She cuts him short. "So it's file and forget. Right? No action at this time. Signed, Sandy. Great. The mother of democracies is once more revealed as a lying hypocrite, preaching liberty and human rights for all, except where she hopes to make a buck."

"That's not fair at all! All right, Moi's Boys are crooks and the old man still has a couple of years to run. But good things are on the horizon. A word in the right ear — the collective withholding of donor nations' aid — quiet diplomacy — they're all having their effect. And Richard Leakey is being drafted into the Cabinet to put a brake on corruption and reassure donors that they can start giving again without financing Moi's rackets." He is beginning to sound like a guidance telegram, and knows it. Worse, she knows it too, as evidenced by a very big yawn. "Kenya may not have much of a present but it has a future," he ends bravely. And waits for a reciprocal sign from her to indicate that they are moving toward some kind of cobbled truce.

But Tessa, he remembers too late, is not a conciliator, neither is her bosom pal Ghita. They are both young enough to believe there is such a thing as simple truth. "The document I gave you supplies names and dates and bank accounts," she insists remorselessly. "Individual ministers are identified and incriminated. Will that be a word in the right ear too? Or is nobody listening out there?"

"Tessa."

She is slipping away from him when he came here to be closer to her.

"Sandy."

"I take your point. I hear you.
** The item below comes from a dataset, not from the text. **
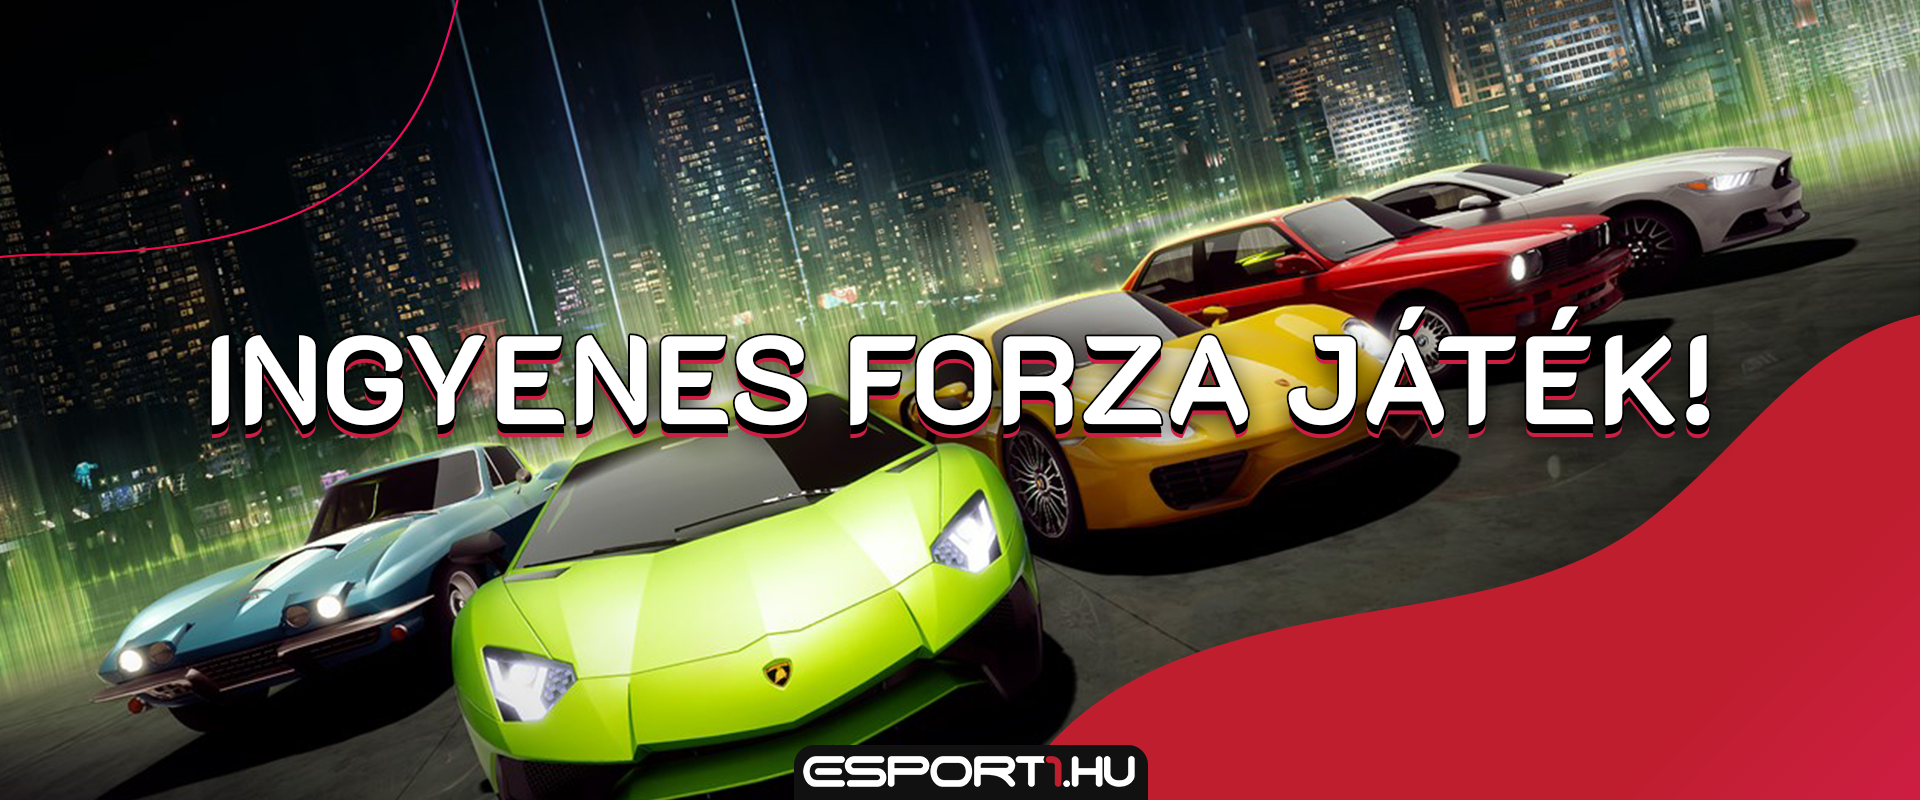 Ingyen tölthető a Forza Street, a legújabb Forza játék!

But for heaven's sake — in the name of sanity — you can't seriously be suggesting that HMG in the person of Bernard Pellegrin should be conducting a witch hunt against named ministers of the Kenyan government! I mean, my God — it's not as if we Brits were above corruption ourselves. Is the Kenyan High Commissioner in London about to tell us to clean up our act?"
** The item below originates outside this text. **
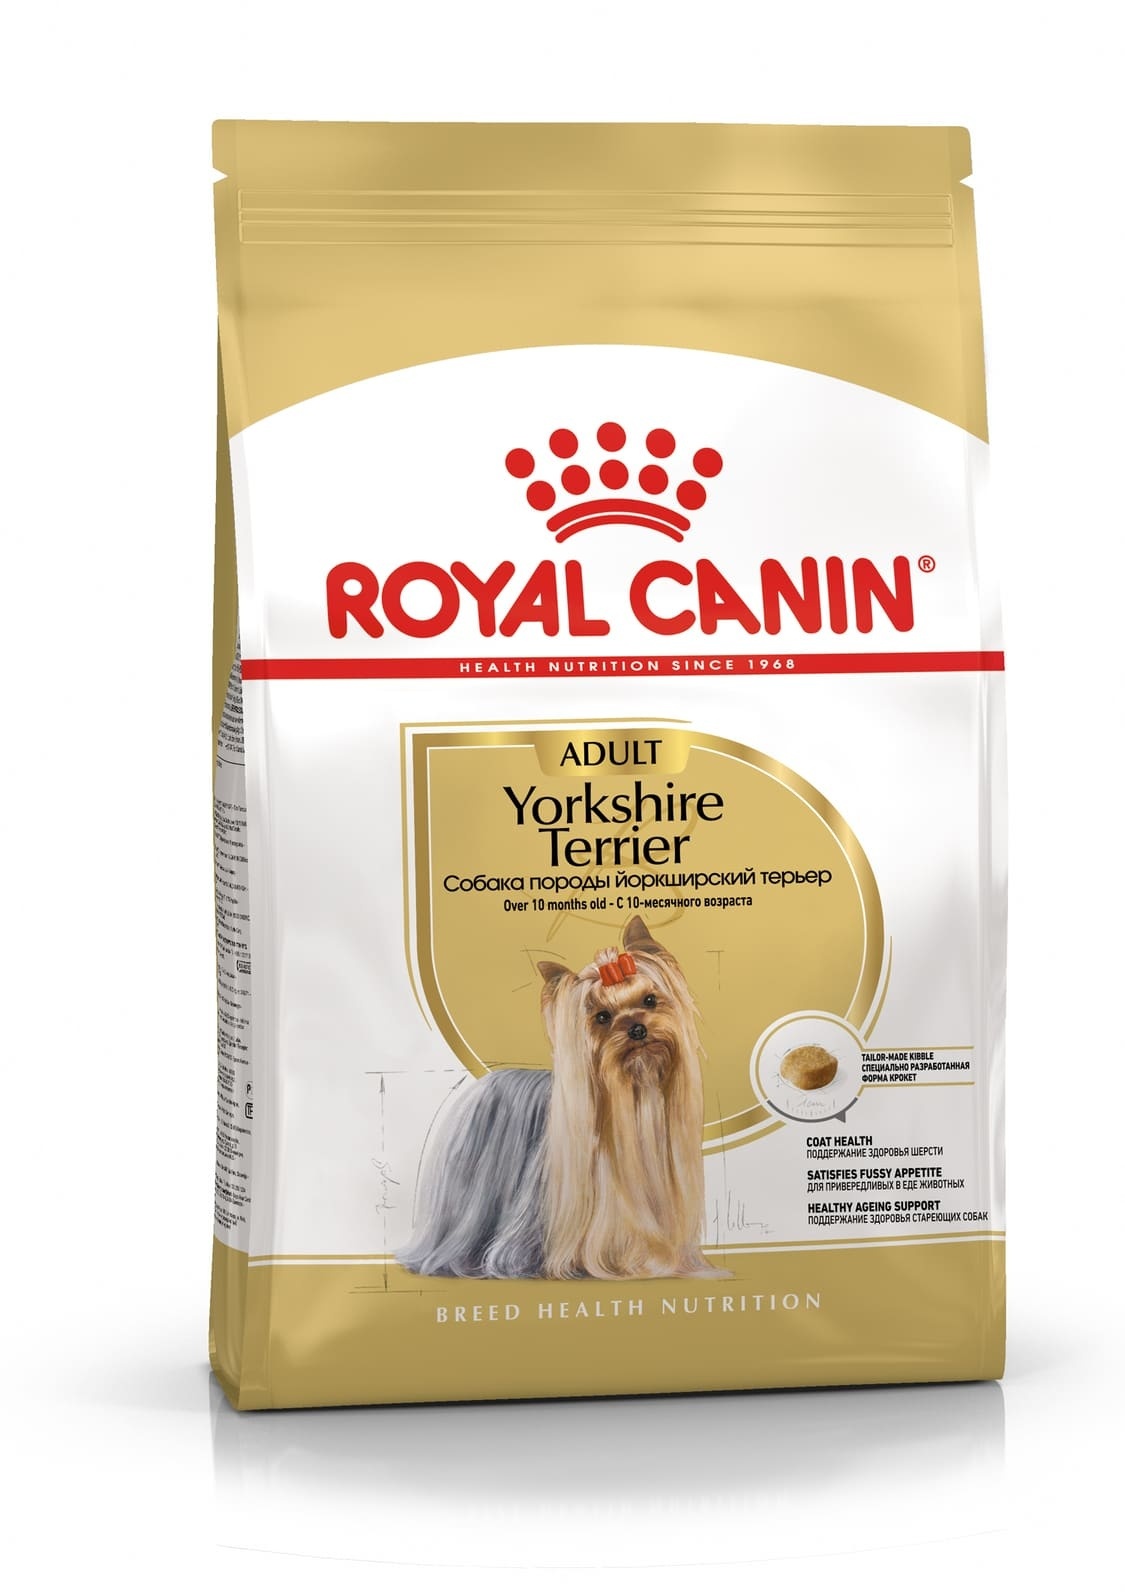 Royal Canin Корм Royal Canin корм для йоркширского терьера с 10 месяцев (500 г) цена

"Sheer bloody humbug and you know it," Tessa snaps, eyes flaming.

He has not reckoned with Mustafa. He enters silently, at the stoop. First with great accuracy he sets a small table midway between them on the carpet, then a silver tray with a silver coffeepot and her late mother's silver sweetmeat basket filled with shortbread. And the intrusion clearly stimulates Tessa's ever-present sense of theater, for she kneels upright before the little table, shoulders back, dress stretched across her breasts while she punctuates her speech with humorously barbed inquiries about his tastes.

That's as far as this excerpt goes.